The work of Anna Deavere Smith and her verbatim performances, which display controversial and destructive issues regarding humanity, influenced me to create 7,581+ People, a solo performance written about the homelessness epidemic.
The name of my performance, 7,581+People, derives from a statistic stating that 7,581 people slept rough in London at least once between April 2014 and March 2015, a number which has been ever increasing since. I included this statistic in my performance as I wanted my audience to be aware of the extent that homelessness has become an issue which has increasingly gotten worse over the past couple of years. The line in my performance read:
Did you know that 7,581 people slept rough in London at least once between April 2014 and March 2015 and that figure has been ever increasing since…It’s crazy isn’t it, especially for me to think that so many people are in the same position as I am… lonely and afraid and just trying to survive another day
When receiving feedback from my peers after my performance, many of them discussed how this line was one of their favourites of the entire performance, as it emphasised to them just how many people had no other option but to sleep on the streets.
The concept of my performance was to show ‘a day in the life’ of a homeless woman, the character I created was quite happy and smiley and appeared to be in a good mood, however as the performance went on I wanted to showcase the fact that perhaps she wasn’t so happy and that it was all a front to help her to cope with the painful life that she leads.
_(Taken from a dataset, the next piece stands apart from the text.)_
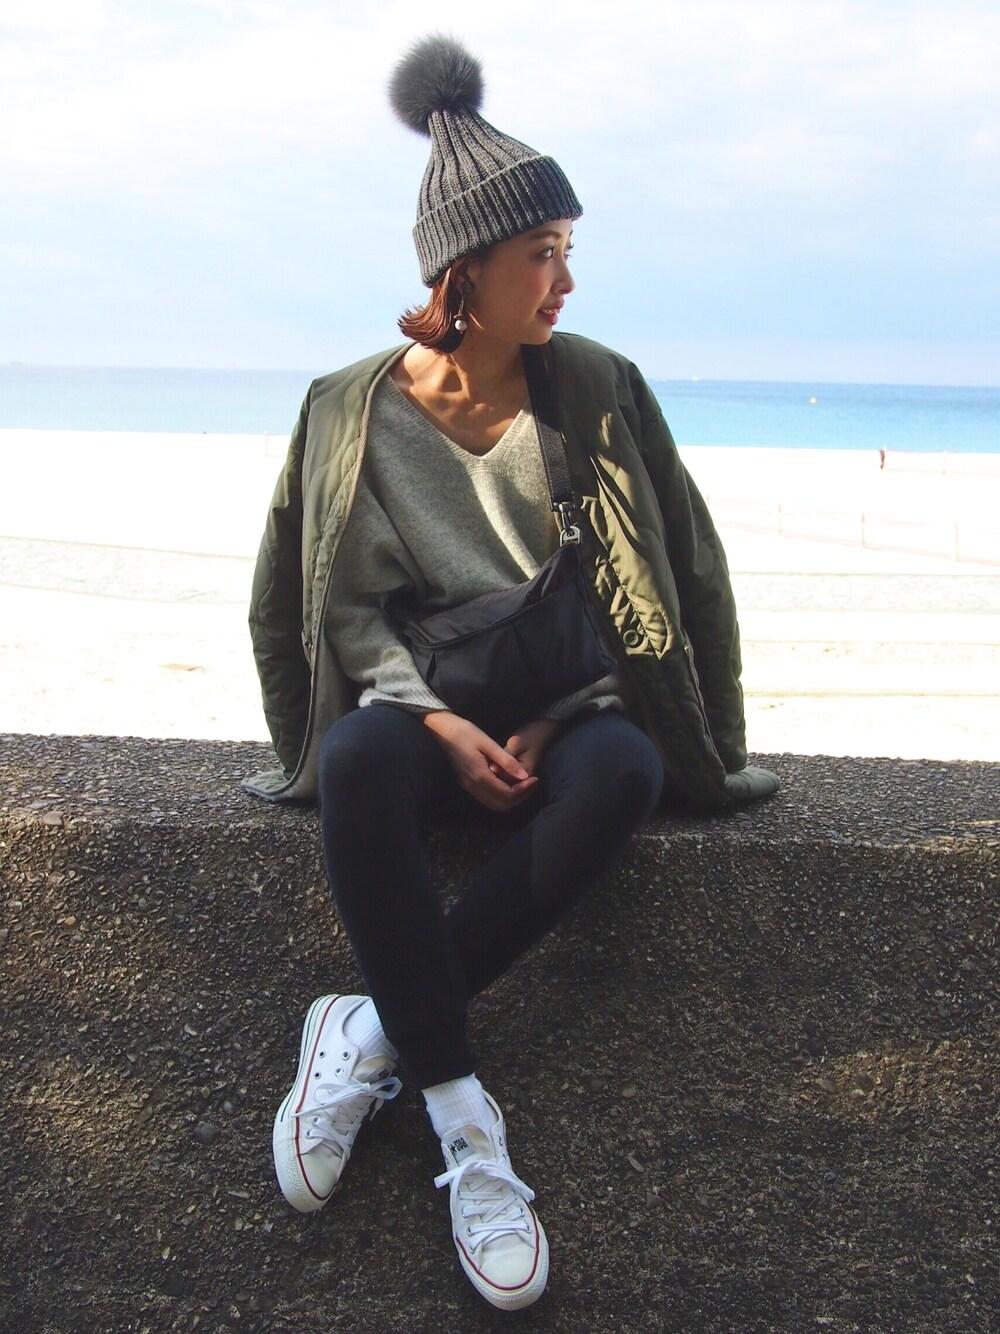 グレーニット帽×コンバース

Breaking character to speak 2 separate testimonies at different points in my performance allowed the audience to hear what it is like to be homeless from a first person perspective. I wanted my performance to be thought-provoking, giving audience members an insight in to difficult being homeless is, not just in winter but in the summer too.
I developed the idea for my piece from an exercise which we did in the very first week of workshops. When I first came up with the idea it was very rough and lacked detail. As the workshops went on, I began to realise that the little story that I devised in the first exercise of the module was something that I wanted to explore further and possibly turn in to a solo performance. I went over the notes that I made regarding this exercise and began to see where I could expand on the idea further. I began to research in to the work of Anna Deavere Smith, which inspired me to use include testimonies in my performance, as I found that verbatim theatre was a good way of portraying ‘tabboo’ subjects on stage. I didn’t want to be distasteful or disrespectful in my portrayal of a homeless character and therefore began to look at ways that this could be avoided.
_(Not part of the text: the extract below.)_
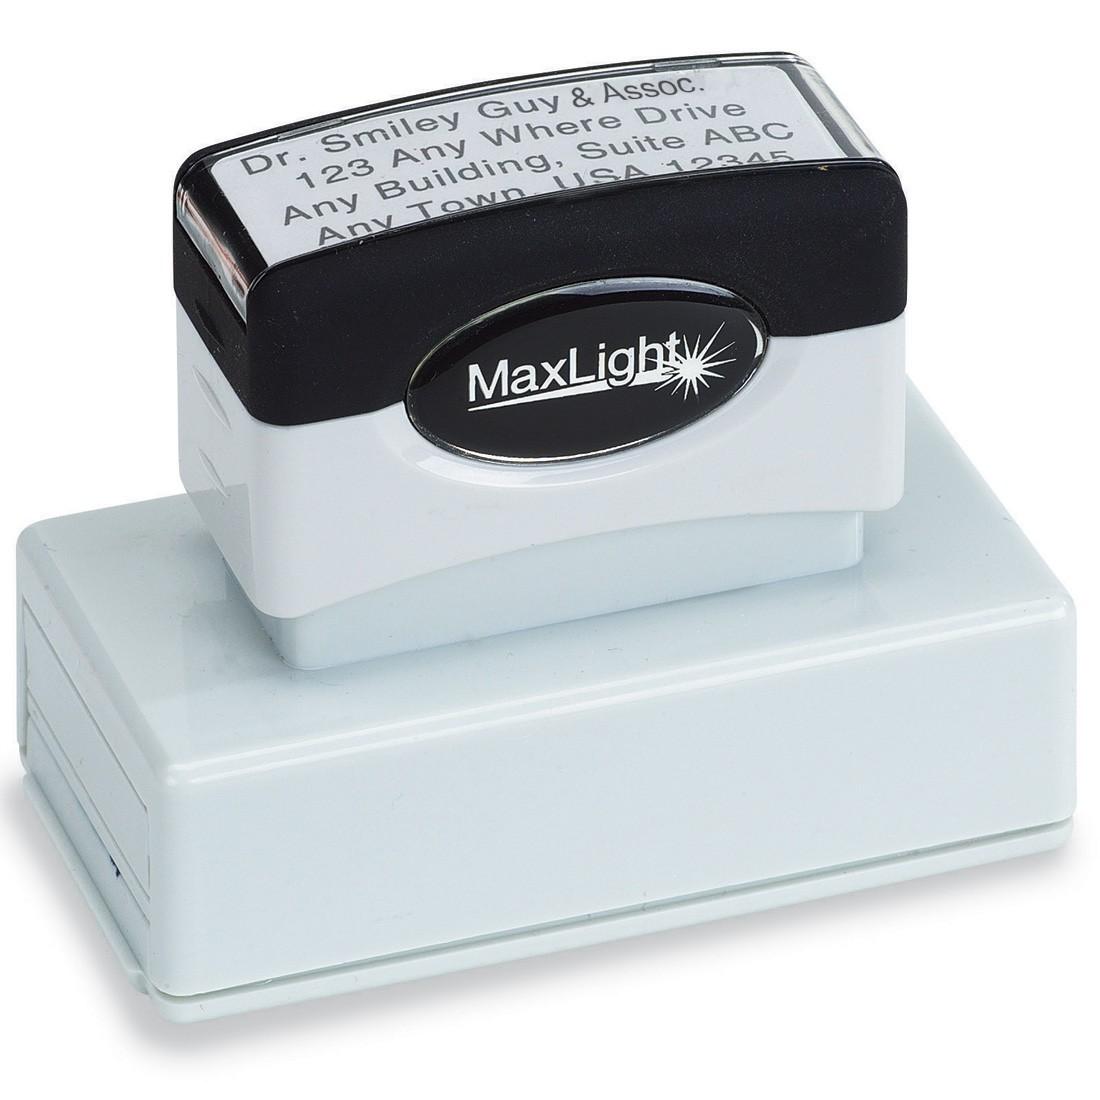 Custom 4 Line Address Stamp [image]

I found that improvising little scenes and then turning these scenes in to script once I was happy with them, meant that the script writing process was much easier and enjoyable for me. Devising a script in this way also allowed me to have a better understanding of what action would work on stage, before writing the lines down.
Once I had the script written, I tried rehearsing it in various different ways, speaking with different tones and at different paces, playing around with the script until I found a way which worked for me. My tech rehearsal and meetings with Martin really helped to take my piece in the direction that I thought best, allowing me to view my show as a performance instead of a script. I continued to push and develop my character right up until my performance, where I attempted to portray this character the story of my piece in the best way yet.
Receiving feedback from my peers after my performance was amazing, 7,581+ People is the first solo performance I have ever done, excluding monologues, and also the first script I have ever written and so to receive positive feedback from my audience members made me extremely happy. If I were to sit this module again, I think that the one thing I would change about the process of developing my performance would be to show it to people earlier and more frequently. I think that receiving feedback guided me most when devising this performance and if I were to have received more feedback from my housemates, peers and spectators in general, then my solo performance could have advanced much sooner in the rehearsal process, creating a performance that was both entertaining to an audience and politically driven, this is a balance that verbatim playwright’s, such as Anna Deavere Smith, must take in to consideration when devising a verbatim piece of theatre.
7,581+ People is a performance that I will always be proud of, however I feel as though with more rehearsal time and feedback, it could turn in to a show which has the ability to spark a change in society, surrounding the issue of homelessness.